● TASK TO CARRY OUT
From the listing below, set down exactly the lines between the one holding "THE ALFEE Legendary" and the one holding "Fender Custom Shop", inclusive. No other line is wanted.

● DATASET EXCERPTS
------------------------------------------------

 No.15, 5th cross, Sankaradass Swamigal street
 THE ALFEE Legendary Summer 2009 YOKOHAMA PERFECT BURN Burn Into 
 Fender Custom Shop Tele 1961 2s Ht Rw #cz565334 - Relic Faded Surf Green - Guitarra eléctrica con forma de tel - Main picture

------------------------------------------------

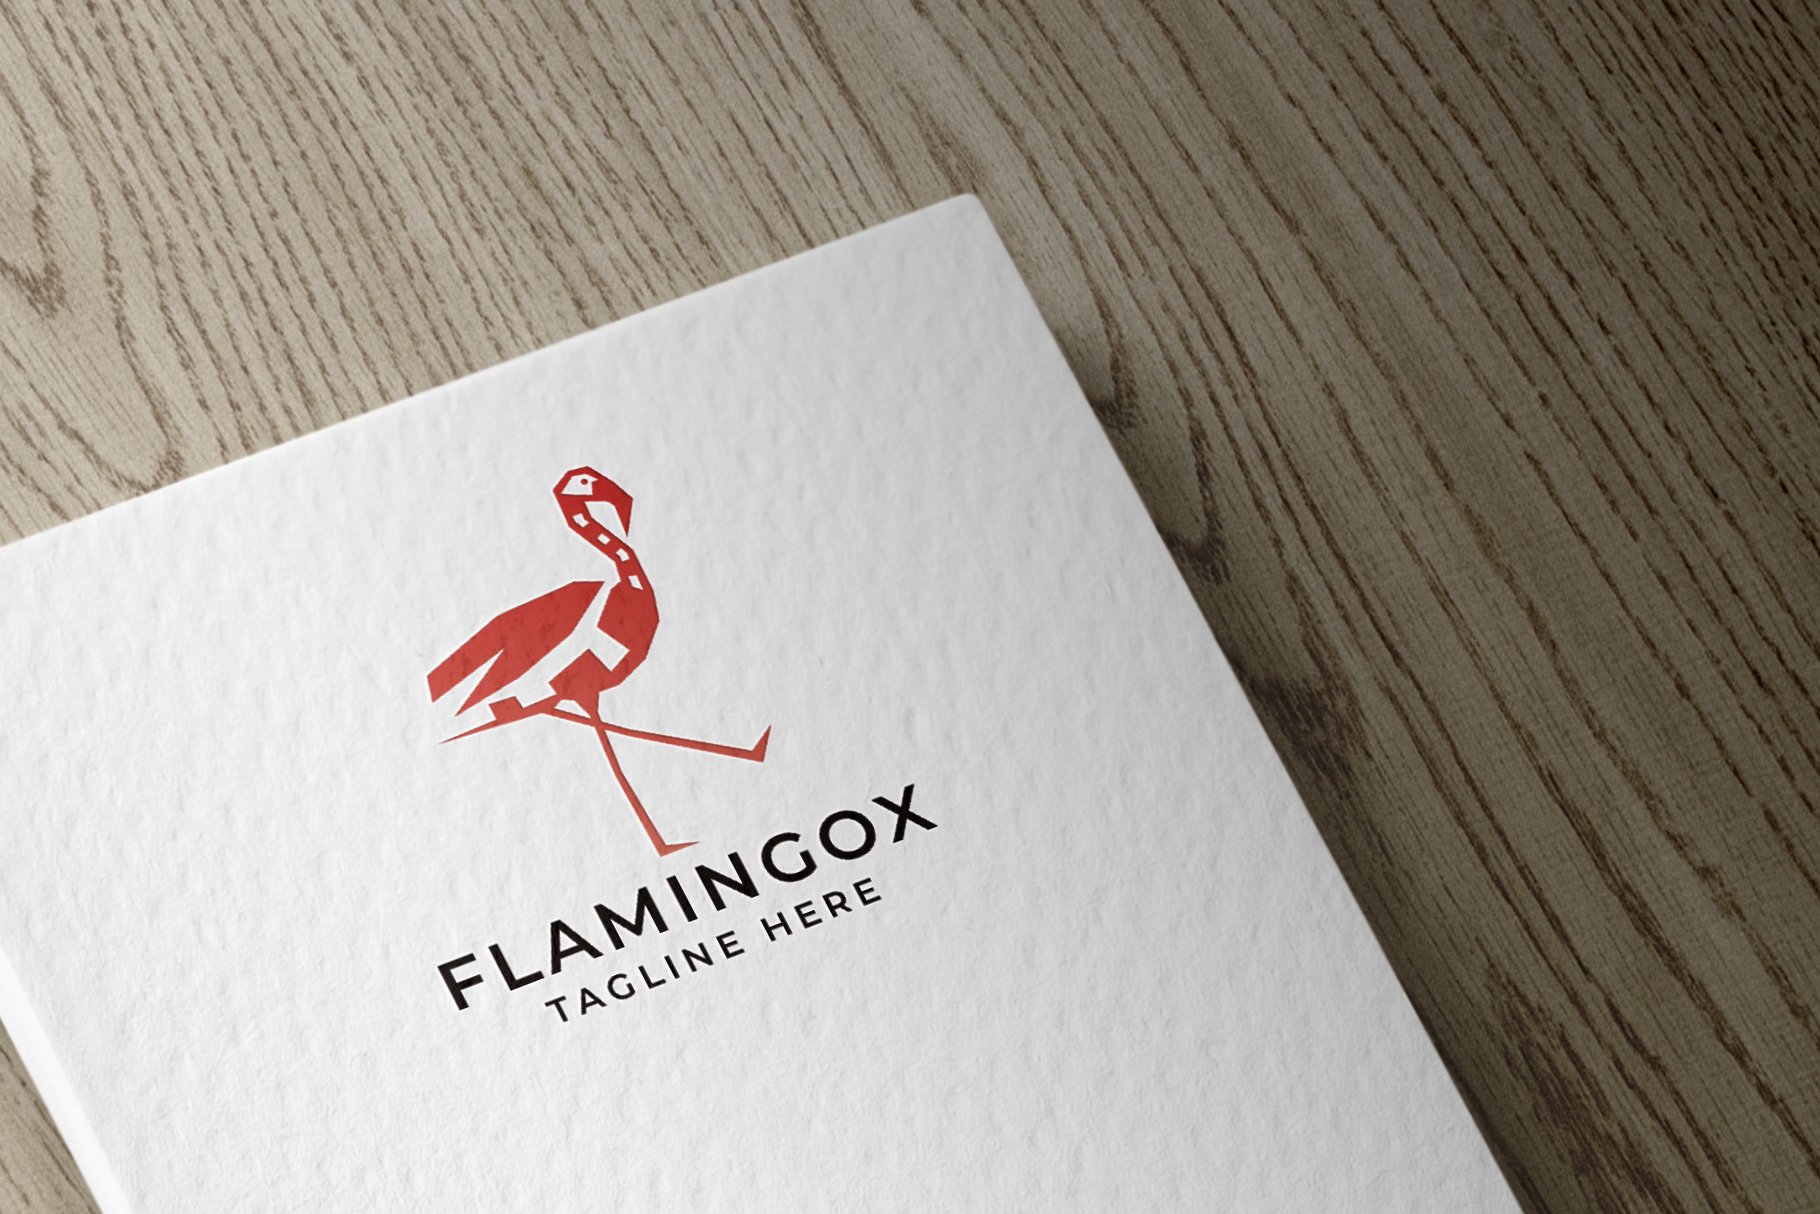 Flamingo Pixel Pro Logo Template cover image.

------------------------------------------------

● RESULT OF THIS TASK
 THE ALFEE Legendary Summer 2009 YOKOHAMA PERFECT BURN Burn Into 
 Fender Custom Shop Tele 1961 2s Ht Rw #cz565334 - Relic Faded Surf Green - Guitarra eléctrica con forma de tel - Main picture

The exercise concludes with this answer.